For a couple of months after, I tried to forgive him and myself for not seeing it sooner, but he made no attempt to change the situation. He simply worked on trying to get better at hiding his tracks. He then tried to manipulate me and force me to beg him back when he announced he was leaving in July. He called my bluff and thought that I would have no other choice but to accept him back home along with his harem of women on the side. He believed financially and emotionally I would not be able to stand on my own two feet.
But, the tables had somehow turned and he was entirely oblivious to the changes I had gone through. I remained dedicated to improving my body and my weight began dropping as a result of weekly cardio kickboxing sessions and one on one training with the heavy bag and my trainer's constant direction. The transformation of my body was also morphing me on the inside. I began seeing things more objectively, acted less impulsively, and realized I was the one who had all the power all along. I had allowed him to take that from me and I was done with that!

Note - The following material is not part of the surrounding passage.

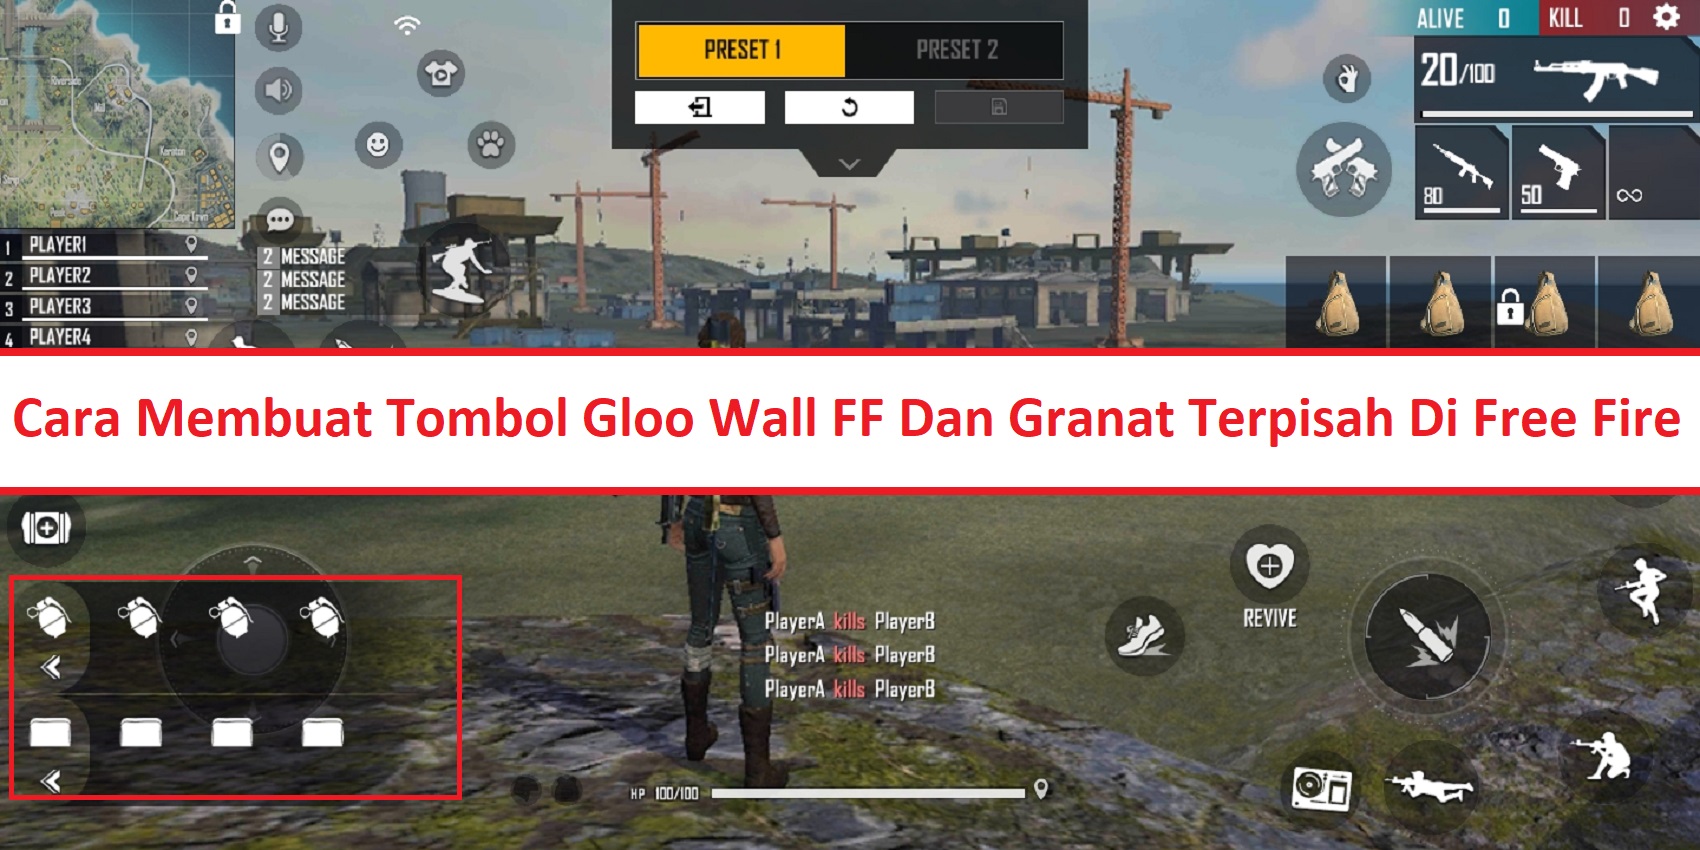 Cara Memisahkan Tombol Gloo Wall FF Dan Granat Free Fire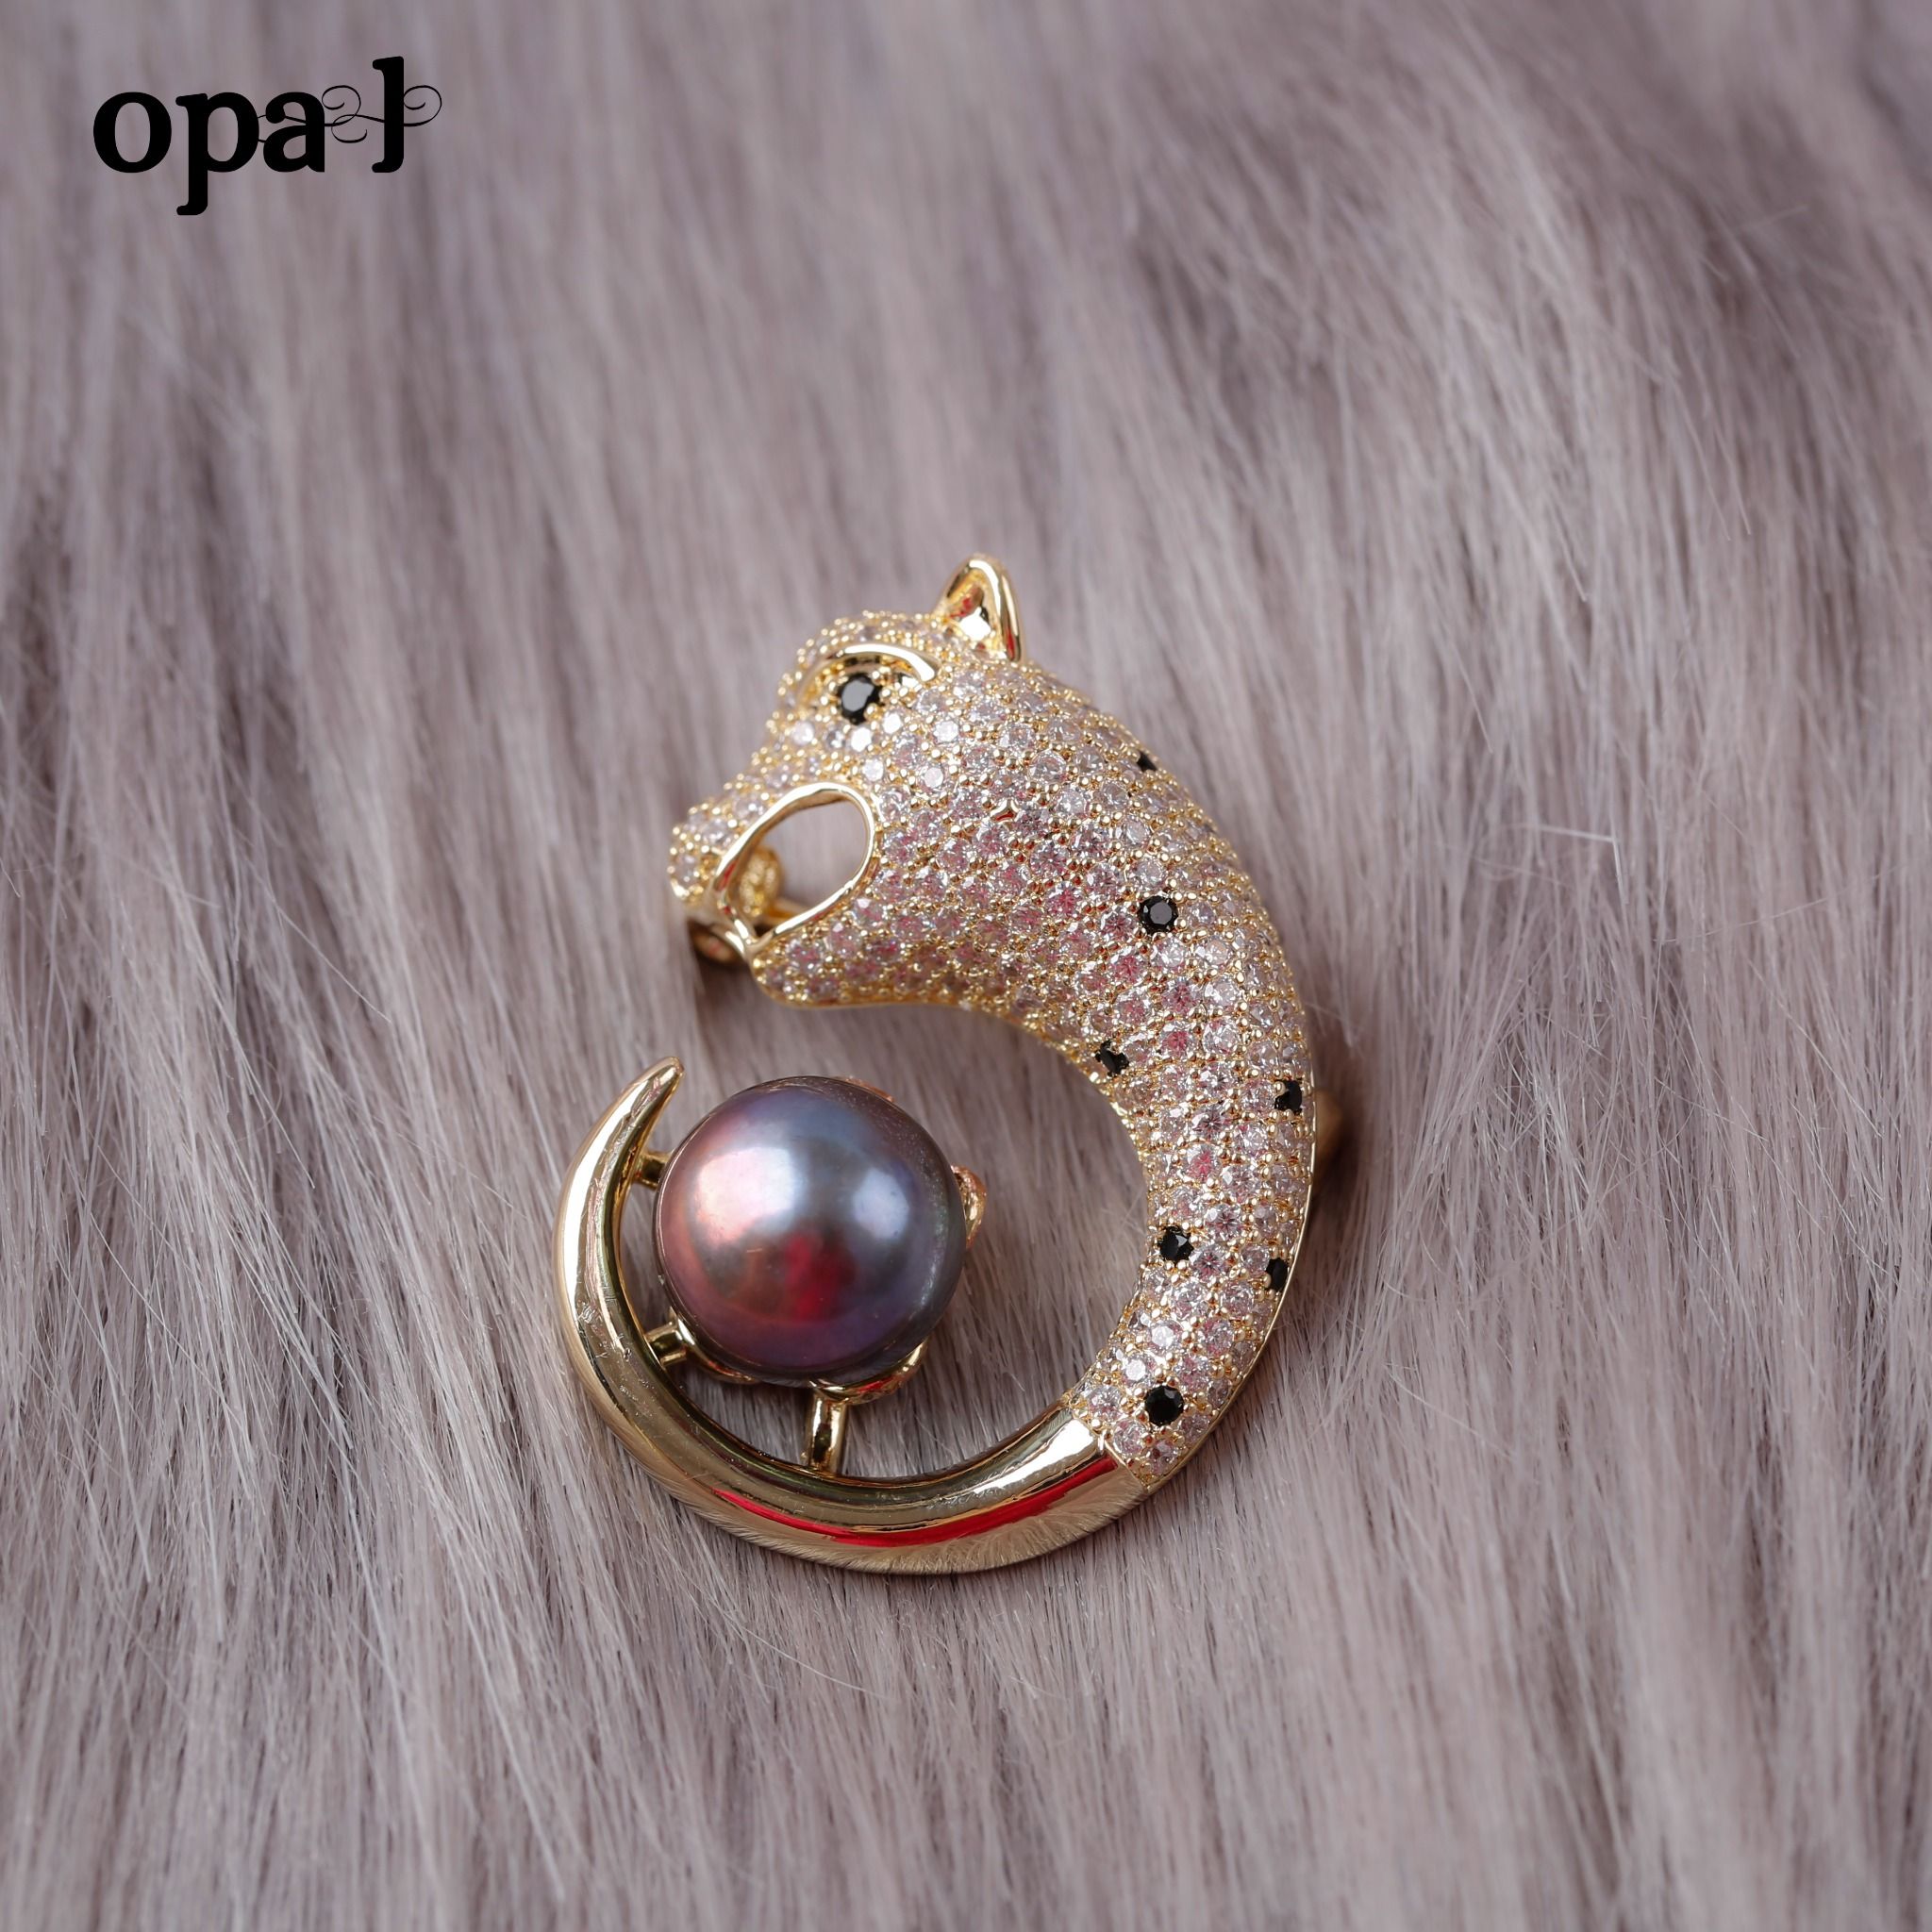  cài áo thiết kế phong cách thanh lịch đính ngọc trai thật thương hiệu Opal

I locked him out of the house, and slowly but surely began to dissolve and separate any joint financial responsibilities we once shared. To be perfectly frank, it wasn't very difficult since mostly everything was under my name anyways. The last point of contention was his cell phone which was under a family plan under my name. I decided to take back the line and because of an ongoing contractual obligation with the carrier, I had to have a phone activated. It was then I began receiving phone calls from all the women he had been seeing while we were together. That was an interesting time to say the least. At first, I would call these women back or string them along by responding to text messages so I could acquire information, but I realized I needed to move on from that. That was another major source of stress and tension so I simply turned off the phone one day and left it at that.
Today, I am about 50 lbs lighter than in the picture above. It's been several months since he left the house and moved into his own place. I feel better emotionally and physically. For the first time in a long time, I feel I am strong and independent and I have continued to maintain working towards my own personal goals of where I feel my body should be. I still train mainly with free weights, body-weight resistance exercises, circuit training, dab in kickboxing and boxing, jog; I am now working on my first set of non-assisted pull ups, and I throw in some cardio for good measure. My arms and legs are muscular and there is a hint of a 6 pack under the layer of fat that still covers my abdomen, but I realize that will soon go, too. I still have a ways to go, but I am definitely a lot happier with my physique today than I was a year ago.
I no longer focus on the ‘personal appearance’ so much. I want to live a long healthy life. I now focus more on eating well, keeping stress down, getting enough rest, and empowering and balancing myself. I still have a love hate relationship with my scale, but it seems that everything else is falling into place.